По-за лiсом зелененьким, —
повторял он первую строчку и делал резкий взмах рукой: «Все!» И все дружно подхватывали:
Брала вдова лен дрiбненький.
И повторяли немного протяжнее:
Брала вдова лен дрiбненький.
Хор затихал, и тут же голосистый парень начинал новый куплет:
Вона брала, вибирала…
Повторяли эту же строчку они уже вдвоем:
Вона бра-ала, ви-бирала…
И снова хор:
Тонкий голос подава-ала…Тонкий голос подава-ала-а…
Как ни спешил Гурин, а песню дослушал до конца.
Дирижером этого хора и самым голосистым певуном был Яша Манноха.
— Яша, спой что-нибудь? — просит его Гурин.
— Тряско, — отказывается Манноха.
— Народную, украинскую: «Поза лiсом…»?
Манноха с минуту подумал, запел:
По-за лiсом зелененьким…
И как только он повторил эти слова дважды, Гурин подхватил следующую строку. Манноха вскинул на него глаза удивленно, подмигнул одобрительно: «Давай, мол, давай!»
На следующем куплете слышат — и Грачев подтягивает.
— Грач, ты поешь? — крикнул ему Гурин.
— А ты думаешь: Грач — он и есть Грач? Ты меня еще плохо знаешь!
В стороне от дороги на горизонте замаячили черные постройки какого-то хутора. Грачев дернул правую вожжу, приказал ездовому:
— Правь прямо на хутор.
Еще издали стало заметно, что хутор этот необитаем — никакого движения, никаких признаков присутствия человека. Все брошено — и огромная, похожая на ангар рига, и длинный, составленный из трех пристроек под одной высокой островерхой крышей дом, и валявшийся вразброс разнообразный инвентарь, и скучно бродившие по большому двору две черно-рябые коровы, и разбредшееся за домом и во дворе большое стадо белых и серых гусей.
— Правь на хоздвор, к риге, — уточнил направление Грачев.
— Может, в доме хозяева, — заметил Гурин.
— Какие там хозяева!

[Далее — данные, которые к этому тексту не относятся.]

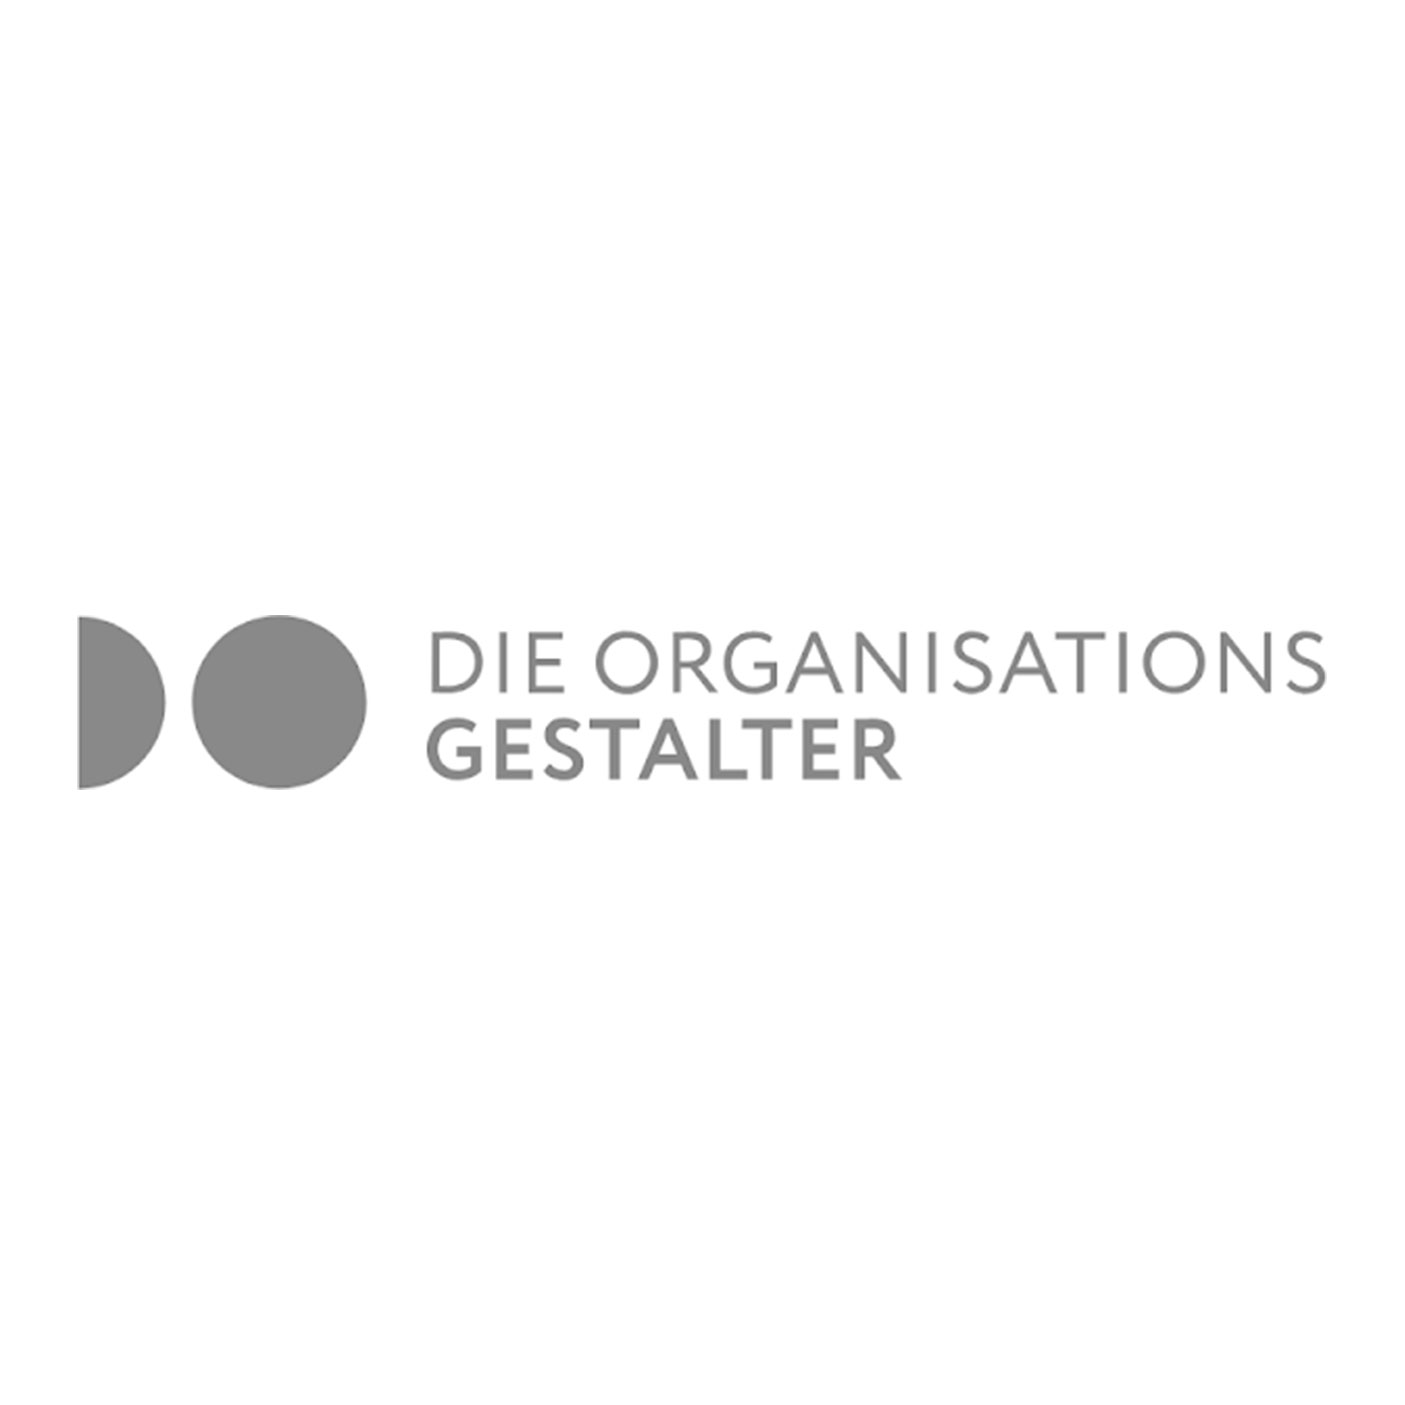 Die Organisationsgestalter

Не видишь разве — двери все настежь и перья по всему двору? Тут, похоже, уже кто-то потрошил, возразил ему старшина.
Подъехав к риге, они увидели рывшегося в земле подсвинка. Он был так увлечен своим занятием, что сначала не заметил людей, а когда почуял, фыркнул недовольно, взбрыкнул и с собачьей легкостью пустился наутек.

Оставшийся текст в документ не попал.